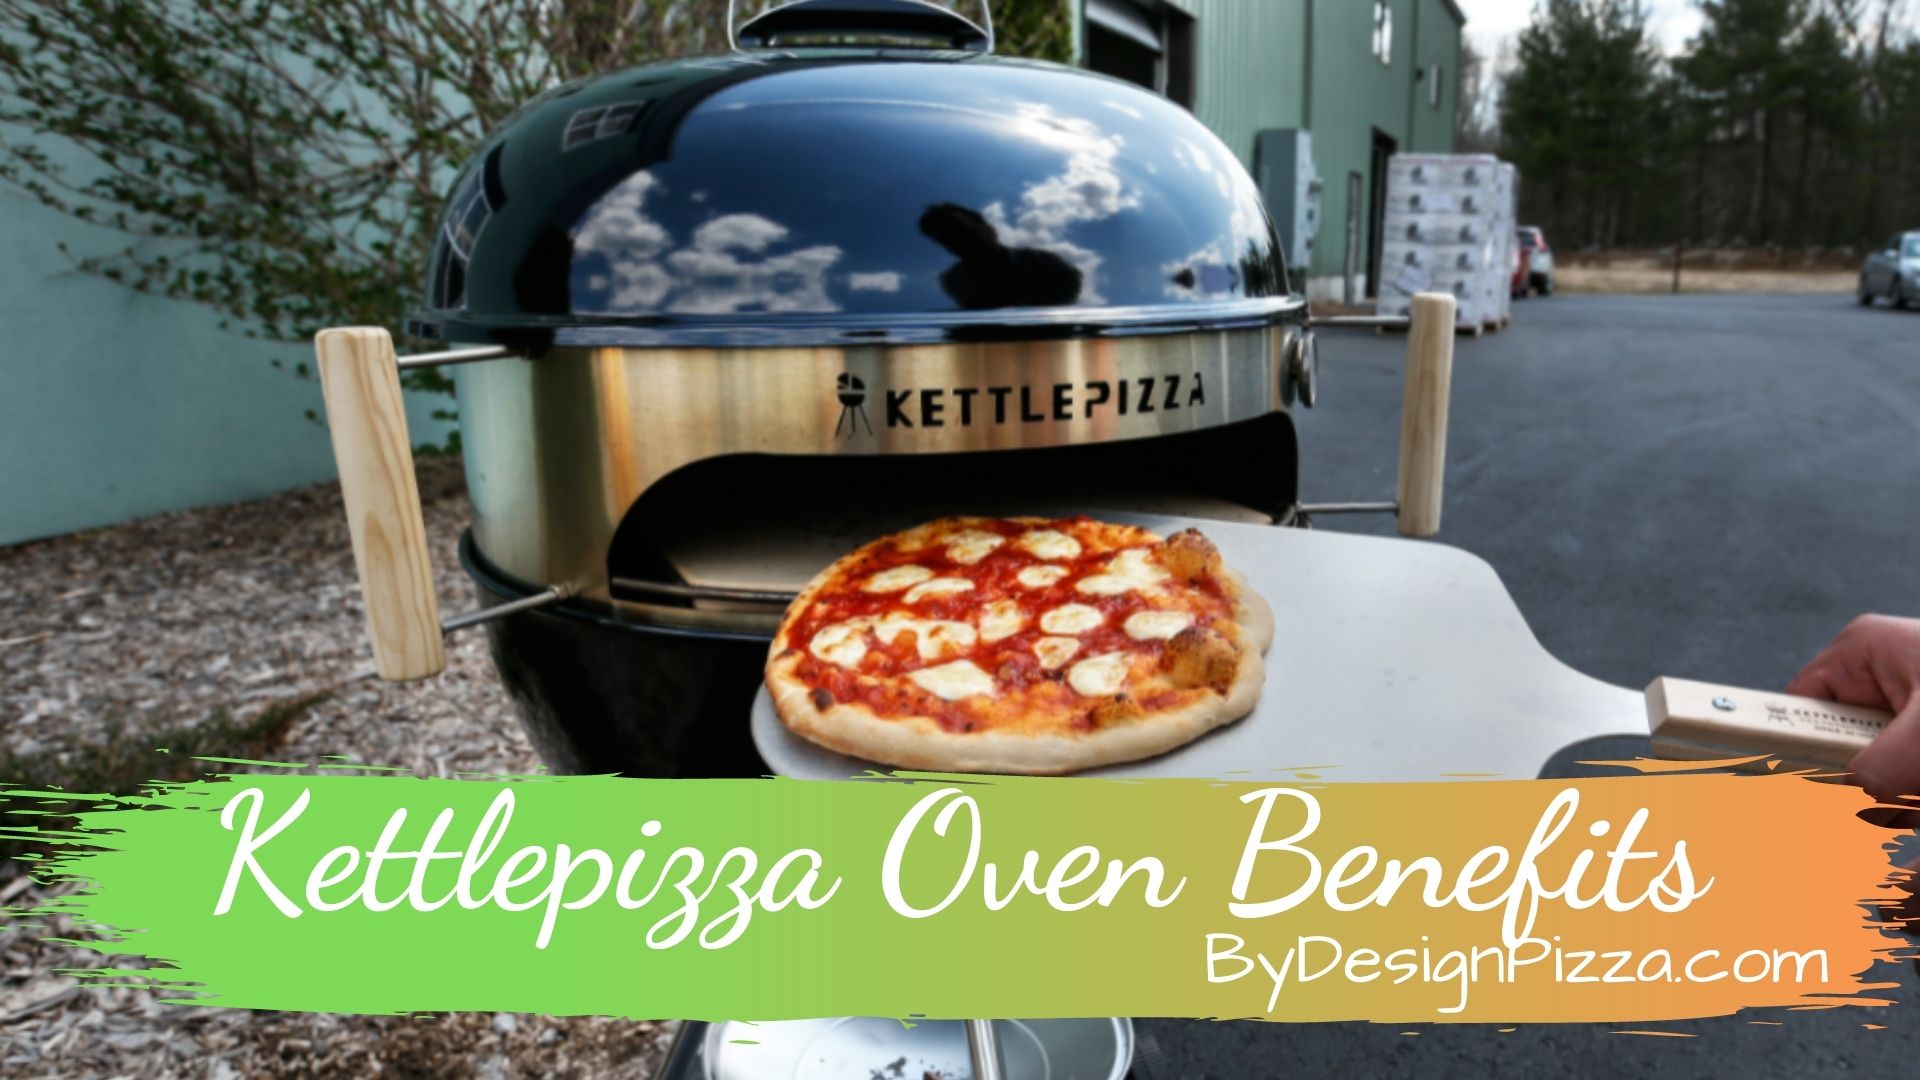 Kettlepizza Oven Benefits
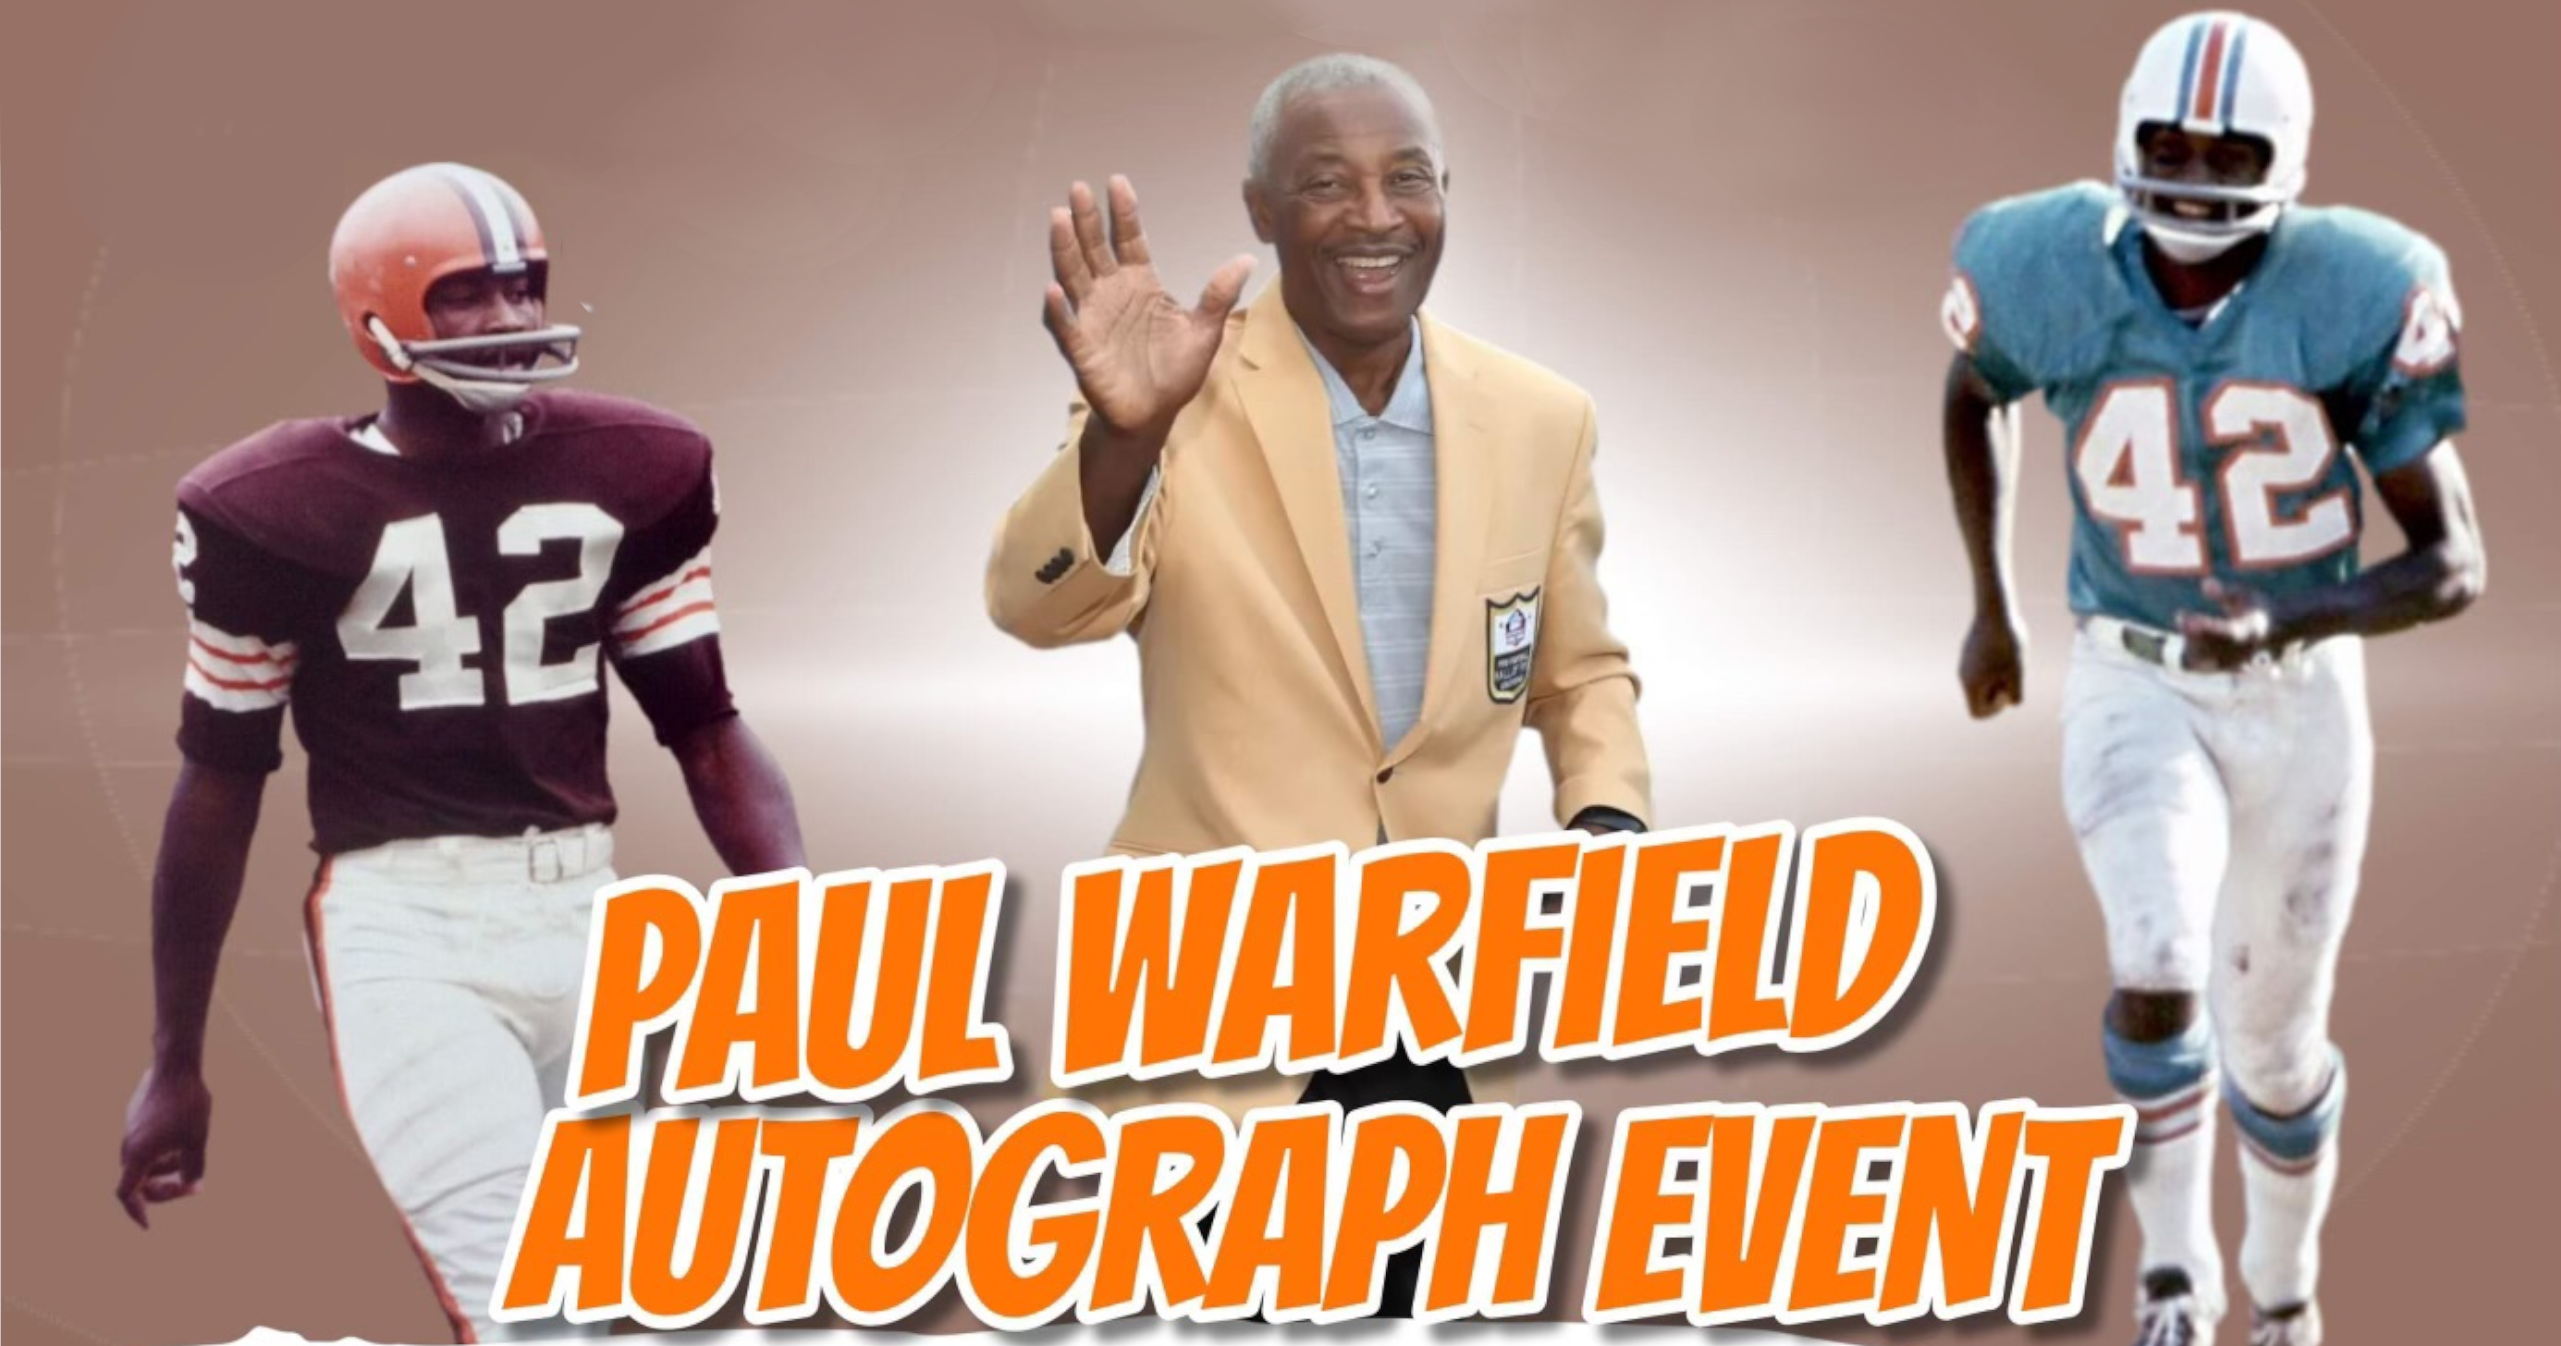 Paul Warfield Autograph Event
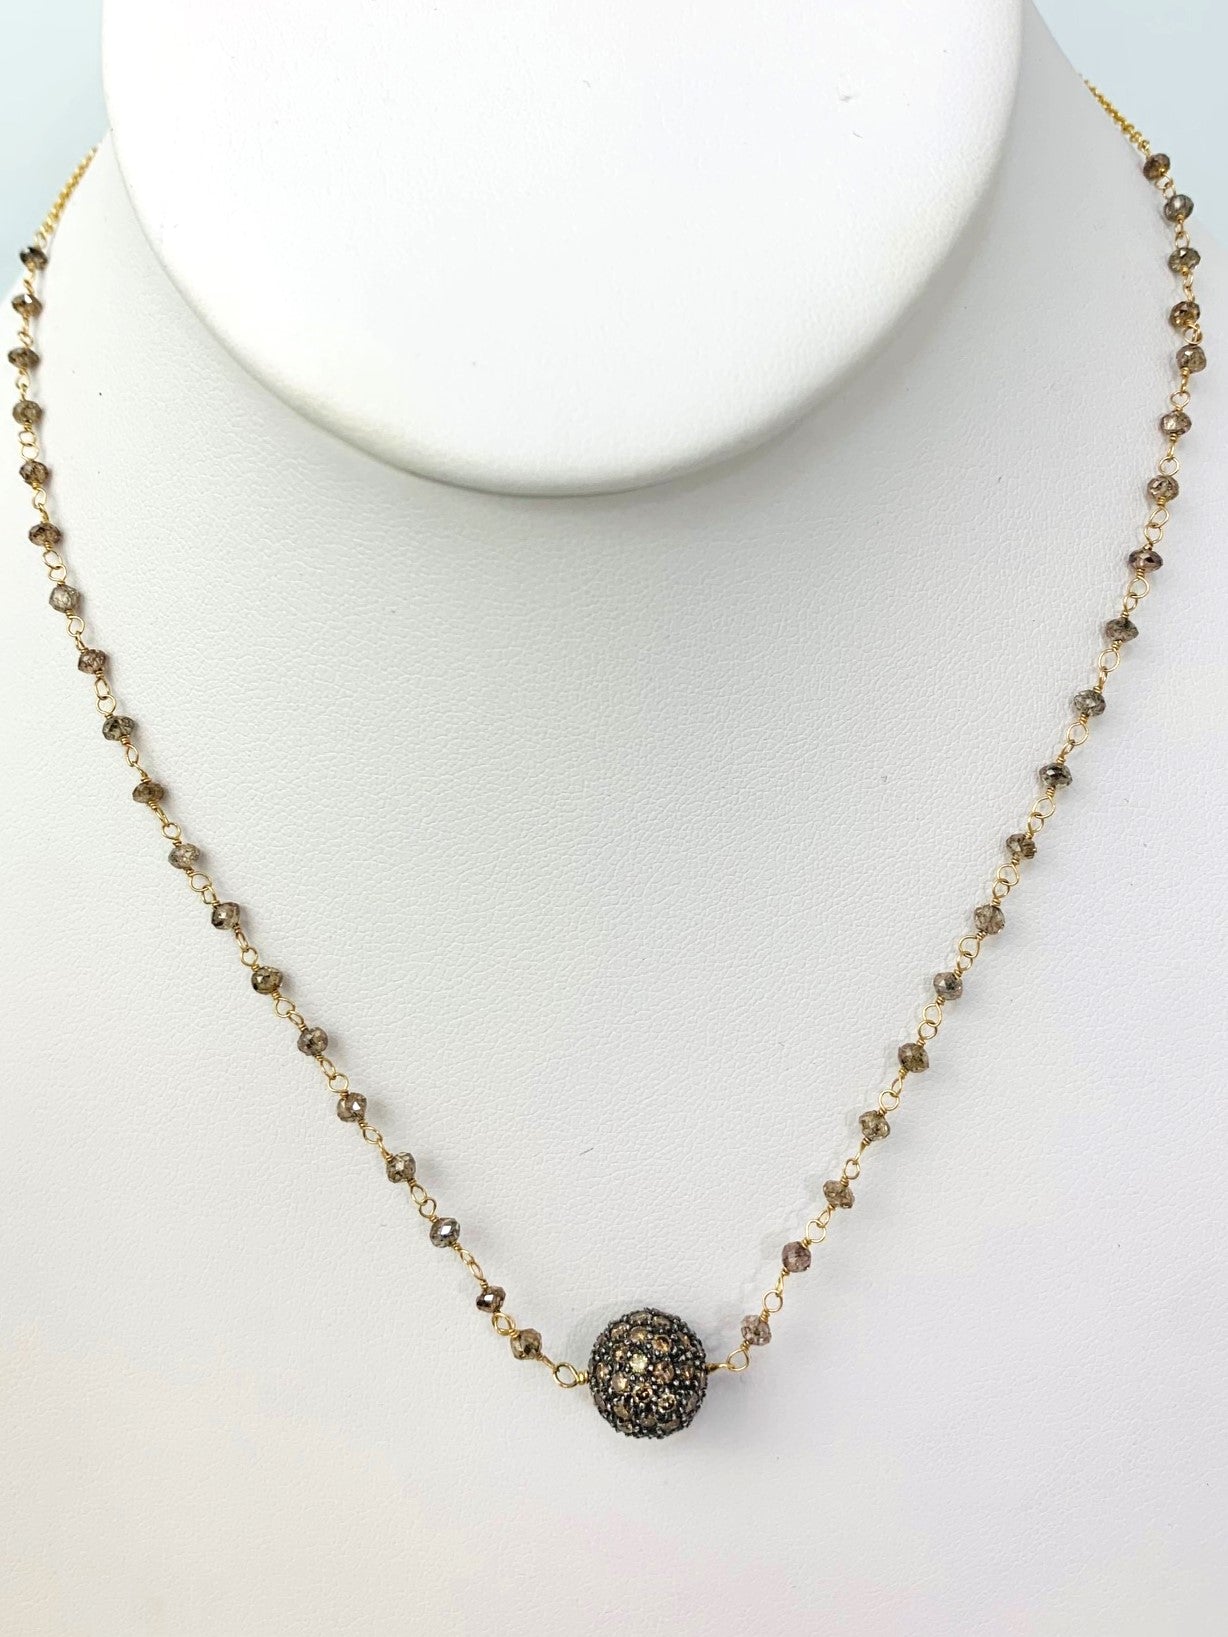 16" Brown Diamond Rosary Necklace With Blackened Silver Pave Diamond Ball Center in 14KY, SS - NCK-389-DCOROSDIA14YSS-BRN-16 7ctw
========================================================================
### Assignment
Would you copy out the data exactly, leaving every picture out?

### Reply to the exercise
 Kettlepizza Oven Benefits
 Paul Warfield Autograph Event
 16" Brown Diamond Rosary Necklace With Blackened Silver Pave Diamond Ball Center in 14KY, SS - NCK-389-DCOROSDIA14YSS-BRN-16 7ctw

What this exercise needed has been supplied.